Attention
What Is Your Exasper-Rate?
Exasperation is good--the question is when and how fast?
Posted February 16, 2013
I embrace exasperation as a fundamental, natural and useful human response. I say this because some people don’t, or pretend they don’t anyway, especially when they’re exasperated that someone is exasperated with them. They try to ban expressions of exasperation with edicts like “don’t get snarky,” or “don’t call names” or “don’t interrupt me.”
Despite and because of these efforts to ban exasperation, we have proliferated a seemingly endless repertoire of ways to say “I’ve had it. I won’t go along with that.”
Where there’s a won’t there’s a way, an exasperated way to express “nope,” in so many words and gestures--subtle or blatant.
Our ways of saying “nope, I’m not buying this” branch like tree roots, I suspect for similar reasons. Exasperation with things that get in our way is how we stand our ground rooted in our aspirations, commitments, beliefs and values. When our roots get in each other’s way, we’re likely to get exasperated and then exasperated with each other’s exasperations. And then we try to block each other’s exasperations by imposing seemingly rock-solid moral bans on one or another form exasperation takes. And like roots around rocks, our exasperations find work-arounds:
Don’t call names.
Fine I’ll just think them about your exasperating behavior.
Don’t interrupt.
Fine I’ll look impatient and long suffering while you rant exasperatingly.
Don’t roll your eyes.
Fine, I’ll pinch my lips exasperatedly
Don’t say “whatever” in that snarky tone.

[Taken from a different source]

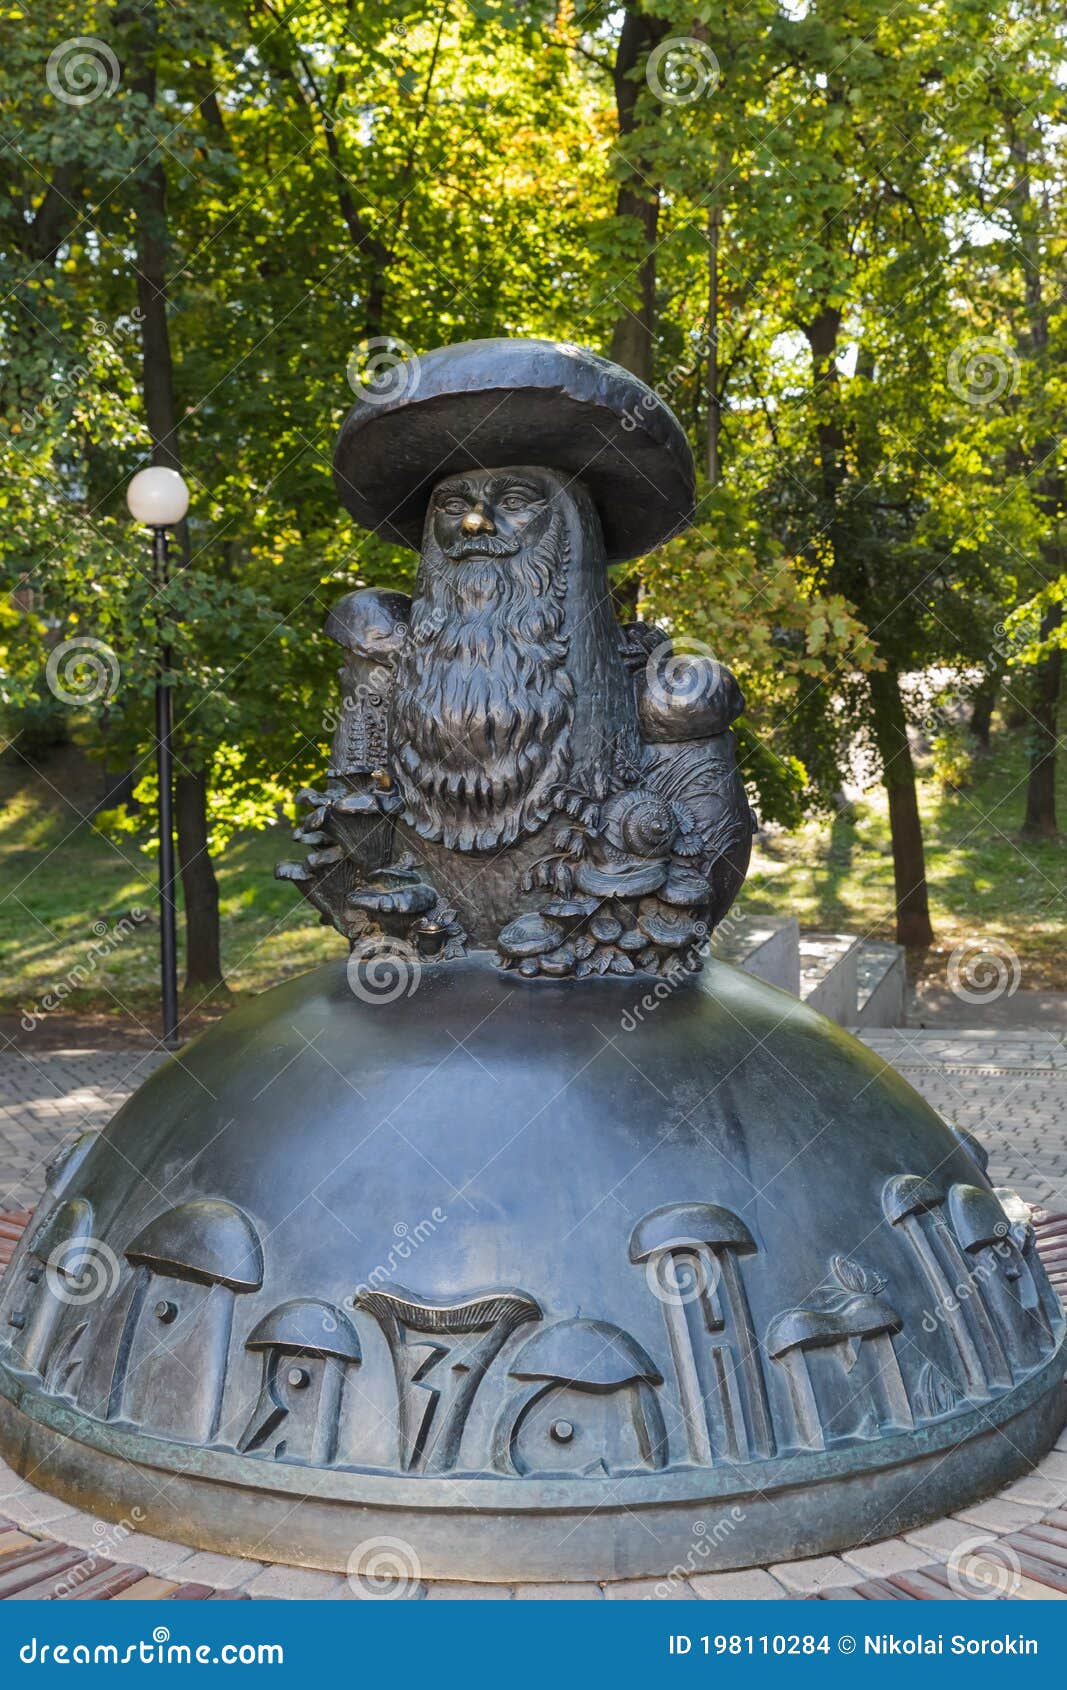 Statue De Champignon Avec Des Yeux De Riazan- En Russie Photo stock - Image  du histoire, sculpture: 198110284
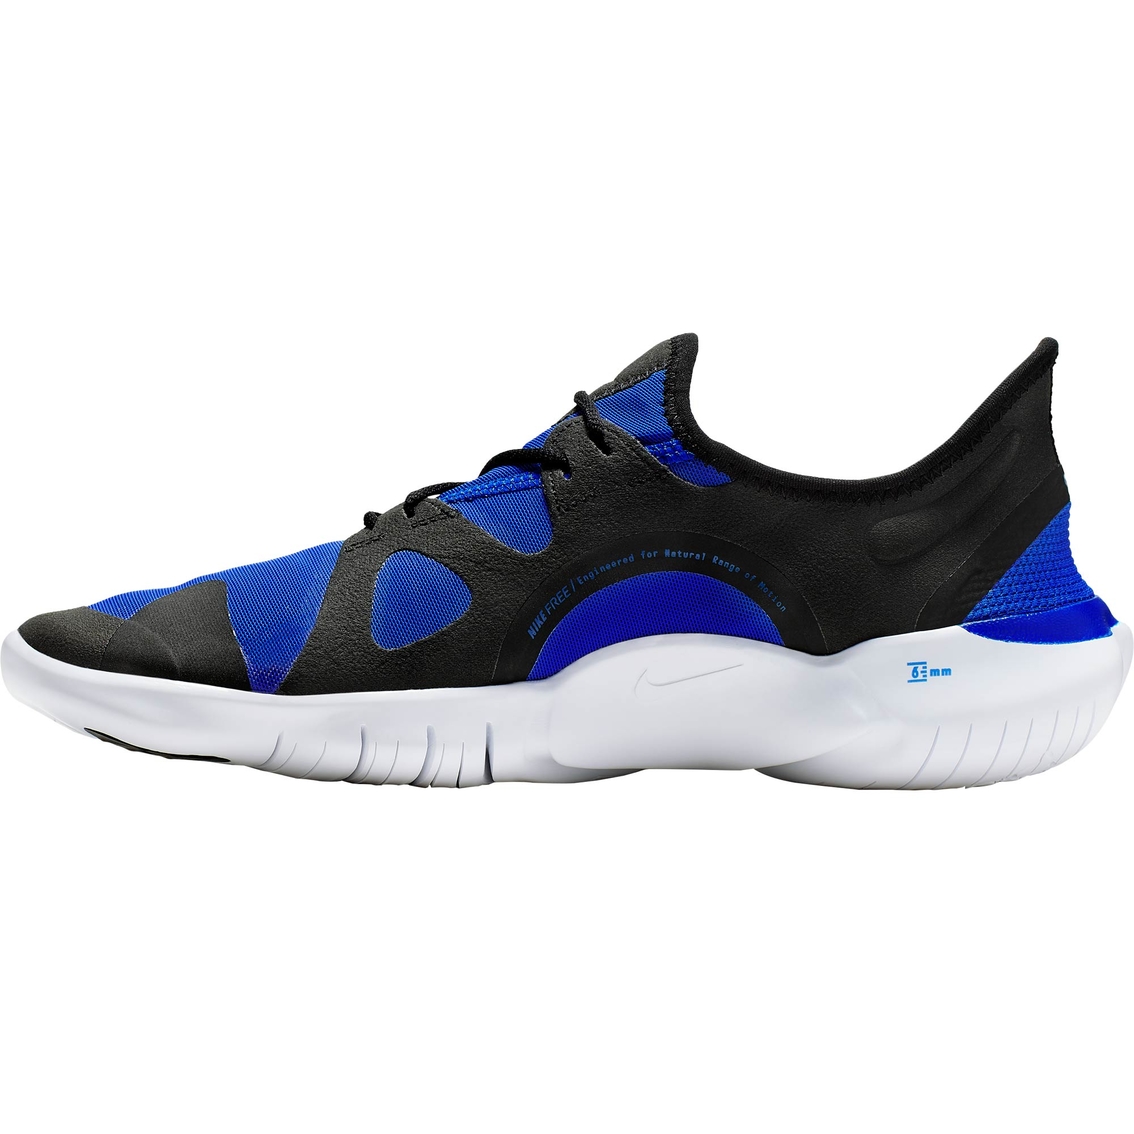 Nike Men's Free RN 5.0 Running Shoes - Image 3 of 6

Fine I’ll grumble, “Fine” a hair above just below your radar.
I wish we could all admit that exasperation is natural and even productive. It’s not just deep in our roots; it is our roots. If we admitted it we could finally get to the right questions about exasperation. Not whether to ever get exasperated, but when? Under what circumstances? How fast? And for how long?
Some people are exasperation express trains, even bullet express trains. The slightest obstacle and they leap from receptive to exasperated. Once they arrive at exasperation they tend to stay. You could say they have a high exasper-rate.
What causes their high rate? It’s hard to tell. Maybe it’s back pain, or temperament, psoriasis, or an awful childhood. Maybe it’s indulgence, hubris, a spoiled childhood, a lust to put people down. Maybe it’s a chip on their shoulders, unconscious self-doubt, vulnerability, something to hide. Maybe it’s that they’re living under broad-brush oppression, so they’re exasperated all the time. It’s hard for us to imagine living North Korea without having a high exasper-rate. Except that we’d be shot if we showed it. Maybe some people have a high exasper-rate because they used to live under such oppression, their roots of self-assertion blocked at every turn. Maybe they’re making up for lost time asserting their exasper-roots every which way now that they’re free.
Living around someone with a high exasper-rate can be, well, exasperating. To someone with a high exasper-rate you’re only as good as your last mistake.
Still, people with a high exasper-rate aren’t always exasperating. They can be exhilarating if you’re exasperated about the same things. They’re high exasper-rate can be contagious. They say “I’m mad as hell and I’m not going to take it any more!” And you say “Yeah, come to think of it, he’s right.”
Then you can be exasperated together which can become a satisfying pastime, a cliquish lifestyle, or in some cases, a virtuous crusade or a apocalyptic mob. Not all ways of expressing exasperation are equally gentle.
And yet all forms of expressing exasperation have their place, even legions of exasperated people taking to the streets weapons in hand, to overthrow or kill—there are times when even that expression of exasperation is appropriate. Think Egypt.
That they all have their place means we should concentrate most of our moral attention on tuning our exasperations carefully to circumstances.
Unfortunately, and exasperatingly we tend to dissipate most of our moral attention on pretend universal bans on one or all forms of exasperation.
“Don’t interrupt” is a good example. There are times when we want and request the space to talk extendedly. But it’s different when people snap in a high-minded exasperated tone “Don’t interrupt” as if to say, “There is a universal moral code banning interruption. The fact that you interrupt is further and conclusive evidence that you are immoral.” Ask any movie director—realistic dialogue is full of interruptions. There’s no ban on interruption and the person who asserts that there is, has probably been known to interrupt too.
Don’t be snarky, name-calling, disrespectful, uncaring, eye rolling, impolite—the list goes on--a bootless effort to eradicate exasperation.
Which is not going to happen. Exasperation finds expression.
Which is not to say feel free to get exasperated any time you want, but rather is an argument that we should all get off our high horses long enough to pay attention to what gets us on them, and what should get us on them--how fast we mount and dismount them. Pay attention to your exasper-rate not because you want it to approach zero, but because you want to feel wronged by the right things, not the wrong ones.